What is required =
After locating the line with "Quanto guadagna un pizzaiolo?", reproduce it and all following lines of the listing below exactly, stopping only at the final line.

**** Input ****

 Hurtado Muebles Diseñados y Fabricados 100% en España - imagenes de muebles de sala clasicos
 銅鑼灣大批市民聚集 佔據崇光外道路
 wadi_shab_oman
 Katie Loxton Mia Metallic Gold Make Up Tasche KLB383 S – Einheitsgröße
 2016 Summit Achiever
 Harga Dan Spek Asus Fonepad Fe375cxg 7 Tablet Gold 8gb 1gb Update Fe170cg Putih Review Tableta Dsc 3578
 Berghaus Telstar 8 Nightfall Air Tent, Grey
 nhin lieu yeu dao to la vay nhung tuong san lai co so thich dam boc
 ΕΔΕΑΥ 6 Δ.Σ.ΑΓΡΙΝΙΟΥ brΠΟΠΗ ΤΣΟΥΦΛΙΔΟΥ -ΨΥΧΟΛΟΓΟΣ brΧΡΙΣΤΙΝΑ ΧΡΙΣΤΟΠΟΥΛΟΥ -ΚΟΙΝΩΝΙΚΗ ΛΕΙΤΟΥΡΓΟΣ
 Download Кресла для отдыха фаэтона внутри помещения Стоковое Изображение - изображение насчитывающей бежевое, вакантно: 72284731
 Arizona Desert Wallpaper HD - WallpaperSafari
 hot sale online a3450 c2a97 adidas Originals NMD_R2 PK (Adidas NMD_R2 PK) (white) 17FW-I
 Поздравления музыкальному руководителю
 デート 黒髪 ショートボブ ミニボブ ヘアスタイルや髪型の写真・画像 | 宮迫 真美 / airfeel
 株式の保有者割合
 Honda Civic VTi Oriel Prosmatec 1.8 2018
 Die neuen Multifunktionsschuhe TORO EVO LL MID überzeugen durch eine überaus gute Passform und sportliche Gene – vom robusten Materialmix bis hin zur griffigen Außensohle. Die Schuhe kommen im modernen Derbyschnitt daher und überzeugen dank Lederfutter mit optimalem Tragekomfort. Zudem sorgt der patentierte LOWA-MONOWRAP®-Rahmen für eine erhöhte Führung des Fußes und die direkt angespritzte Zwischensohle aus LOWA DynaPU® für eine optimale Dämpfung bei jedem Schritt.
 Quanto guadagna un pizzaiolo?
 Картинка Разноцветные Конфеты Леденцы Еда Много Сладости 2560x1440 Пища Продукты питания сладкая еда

****

Response area =
 Quanto guadagna un pizzaiolo?
 Картинка Разноцветные Конфеты Леденцы Еда Много Сладости 2560x1440 Пища Продукты питания сладкая еда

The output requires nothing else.